Zabihullah Mujahid, porta-voz do governo afegão, fala em entrevista à Xinhua na província de Kandahar, Afeganistão, em 6 de agosto de 2026. (Xinhua/Zhang Yibin)
Por Li Ang, Xu Shu'ao e Zhang Yibin
Cabul, 15 ago (Xinhua) -- Bandeiras brancas do Talibã, estampadas com inscrições em preto, alinhavam as principais ruas de Cabul no sábado, enquanto o grupo celebrava o quinto aniversário de seu retorno ao poder com uma cerimônia de grande porte na cidade.
Passados cinco anos, o país devastado pela guerra avançou significativamente da fase de conflito para a de reconstrução. A segurança geral melhorou, mas a criação de empregos, a reintegração de refugiados que retornam e a revitalização da economia continuam sendo desafios formidáveis.
SEGURANÇA MELHOROU, MAS RISCOS CONTINUAM
A melhoria na segurança tem sido uma das conquistas mais frequentemente destacadas pelas autoridades.

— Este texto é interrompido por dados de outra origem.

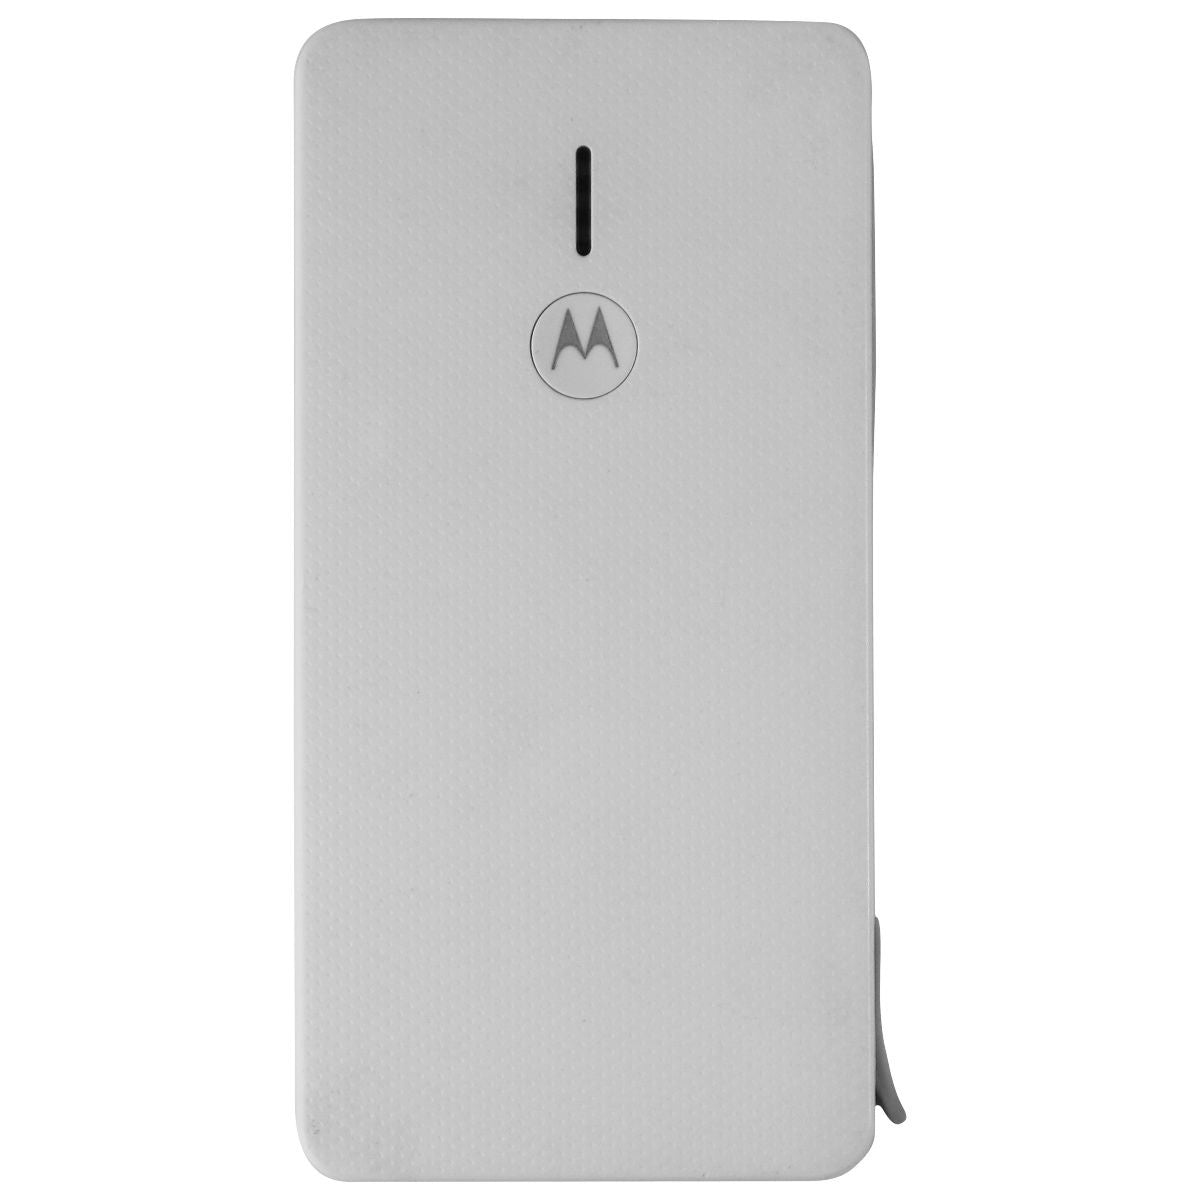 Motorola Power Pack 2000mAh USB Charger for Smartphones & More - White Cell Phone - Batteries Motorola    - Simple Cell Bulk Wholesale Pricing - USA Seller

Desde que retornou ao poder em agosto de 2021, o Talibã prometeu repetidamente que o território afegão não seria utilizado por grupos terroristas para ameaçar outros países. O grupo lançou operações contínuas contra organizações extremistas, particularmente o Estado Islâmico da Província de Khorasan (ISKP, na sigla em inglês), contribuindo para uma redução acentuada na frequência e na escala dos ataques terroristas.
No entanto, os riscos de segurança não desapareceram.
Vários ataques de grande porte também atingiram Cabul nos últimos anos, incluindo o assassinato do ministro interino para os Refugiados, Khalil Ur-Rahman Haqqani, em um atentado suicida em dezembro de 2024; um ataque ao Ministério do Desenvolvimento Urbano e Habitação em fevereiro de 2025; e um ataque a um restaurante chinês em janeiro de 2026, que deixou sete mortos.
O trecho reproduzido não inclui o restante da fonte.